Питомник. Книга 2 - Полина Дашкова 15 стр.


– Теперь есть словесный портрет, – произнес он печально, – но лицо настолько неприметное, что с таким же успехом по этой ориентировке можно разыскивать мужчину с плаката по пожарной безопасности.

– Картинка у вас с собой? – быстро спросила Евгения Михайловна.

– Разумеется. Несколько экземпляров таскаю в портфеле, как сентиментальный американец фотографии любимого семейства.

– Сегодня же поеду в клинику и дам Люсе, скажу, опять встретила Руслана и он просил передать ей его портрет, – она взяла фоторобот в руки, – да, действительно, совершенно плакатная физиономия, и никаких особых примет.

– Почему он не убил проститутку пять лет назад, оставил живую свидетельницу? – задумчиво спросил Бородин, вернувшись в кухню. – Почему вдруг исчез из квартиры? Когда он уходил, уже знал, что не вернется, иначе вряд ли забрал бы магнитофон, кассеты, африканские маски. Для всего этого нужна большая сумка либо чемодан. Допустим, кто-то ему позвонил, сообщил нечто важное, и он удрал. Но в квартире не было телефона.

– Розетка была?

– Вот этого я не знаю. Думаете, аппарат он тоже мог прихватить?

– Конечно. Но это в принципе уже не важно, – Евгения Михайловна поставила на стол тарелки, выложила баклажановый салат в прозрачную миску, – он мог уйти просто потому, что ему стало скучно мучить полумертвую девушку.
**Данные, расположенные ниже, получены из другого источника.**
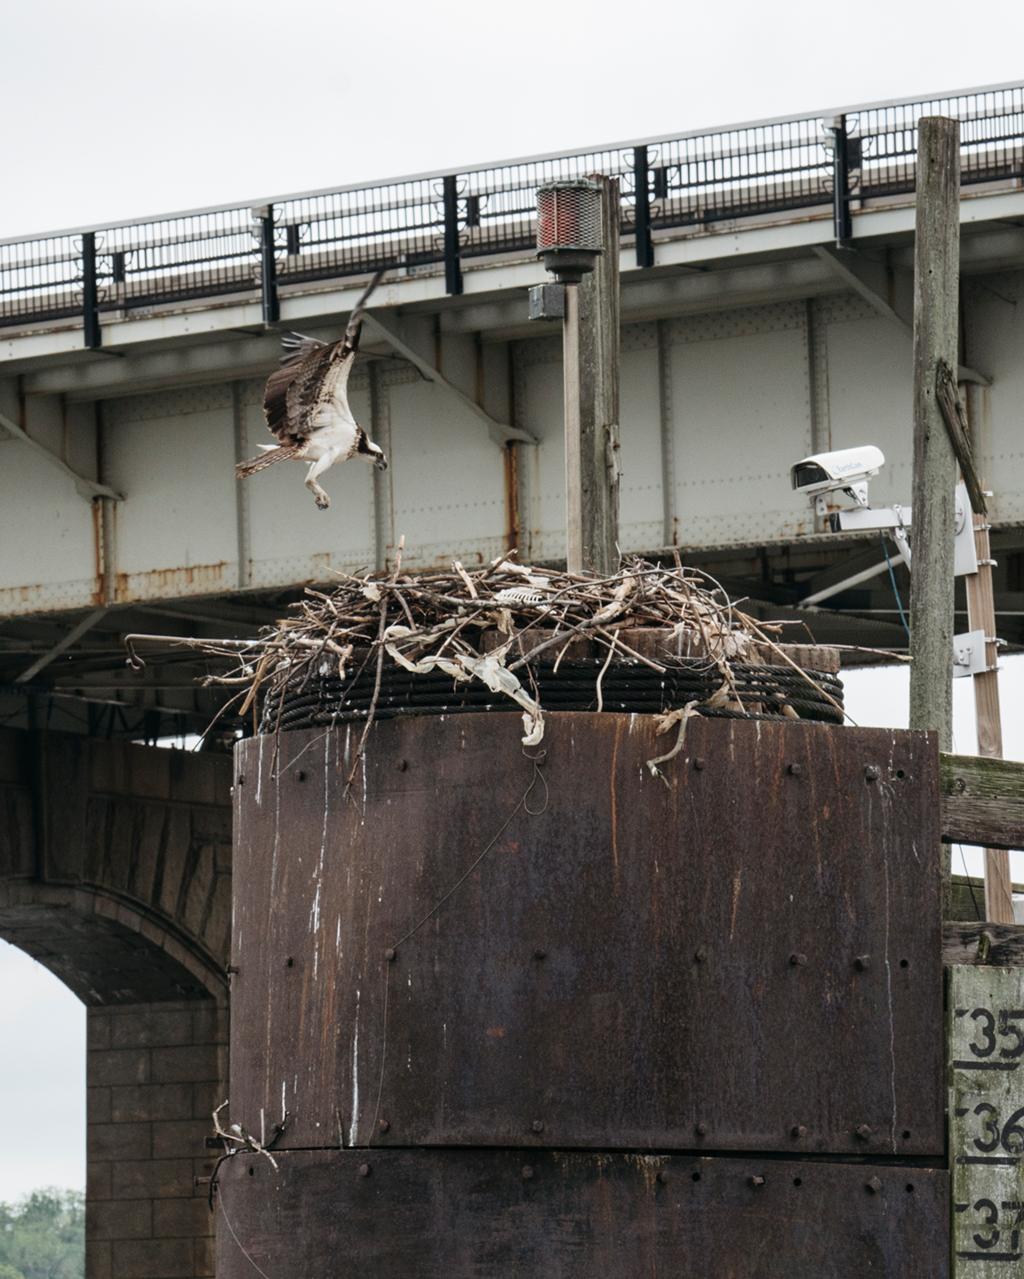 An osprey returns to its eggs–just below Southeast DC's Frederick Douglass Memorial Bridge–as a camera watches. Photograph by Greg Kahn.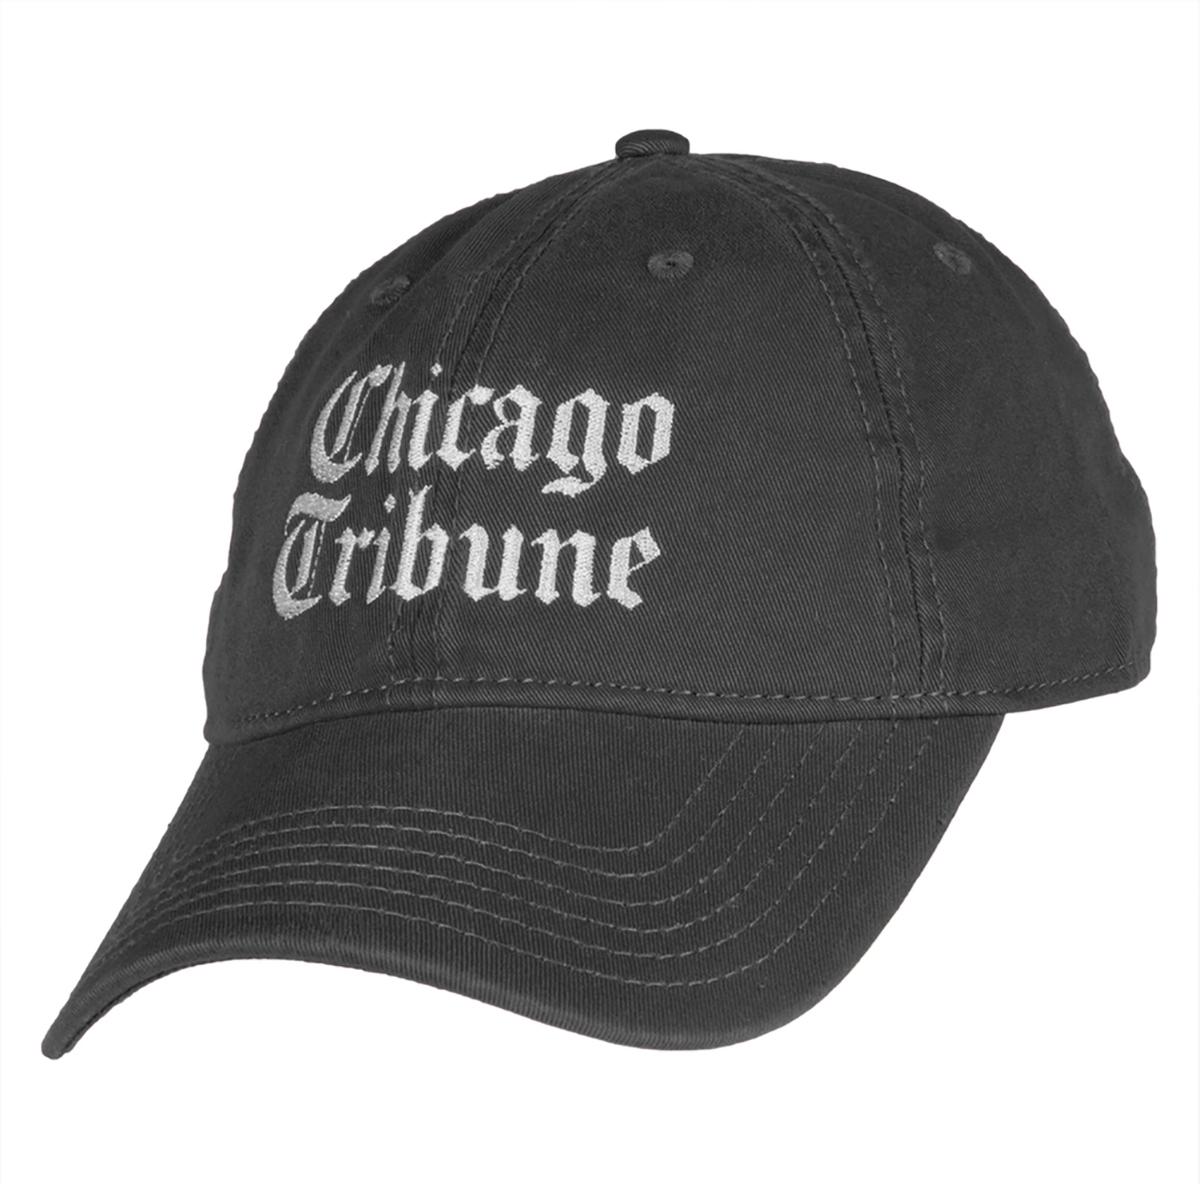 Chicago Tribune Grey Adjustable Cap

Надоело, и все. Она уже ничего не чувствовала, она ведь сказала, что он все время смотрел ей в глаза, пока истязал. А когда эти глаза перестали выражать что-либо, он потерял интерес к жертве.

– Допустим, – кивнул Бородин, – но почему он оставил живую свидетельницу?

– Во-первых, мог не заметить, что она еще жива. Во вторых, он наелся. Нажрался, понимаете? Получил свою дозу удовольствия и ошалел, не подумал о том, чтобы заметать следы. Ну, неохота ему было об этом думать. Ведь большинство известных маньяков не заметало следов. Просто бросали растерзанную жертву в лесу или еще где-то, более того, многие потом признавались, что им было особенно приятно представлять себе лица людей, которые найдут жертву.

– Мертвую жертву, – напомнил Бородин.

– Но убитую не ради молчания, а ради удовольствия.

– Иными словами, вы считаете, он болен?

– Да, конечно. Если ваша пьянчужка не обозналась.

Илья Никитич застыл с вилкой у рта. Кусок рыбы соскользнул назад, в тарелку. Он не стал говорить, что фоторобот уже был показан младшему лейтенанту Телечкину. Коля долго, мучительно вглядывался в картинку, печально вздыхал и наконец сообщил, что получается пятьдесят на пятьдесят. Может, это тот самый убийца, с черепами и свастикой, а может, совсем другой человек. Вот если бы увидеть его живого, тогда да, не ошибешься. А фоторобот – вещь приблизительная.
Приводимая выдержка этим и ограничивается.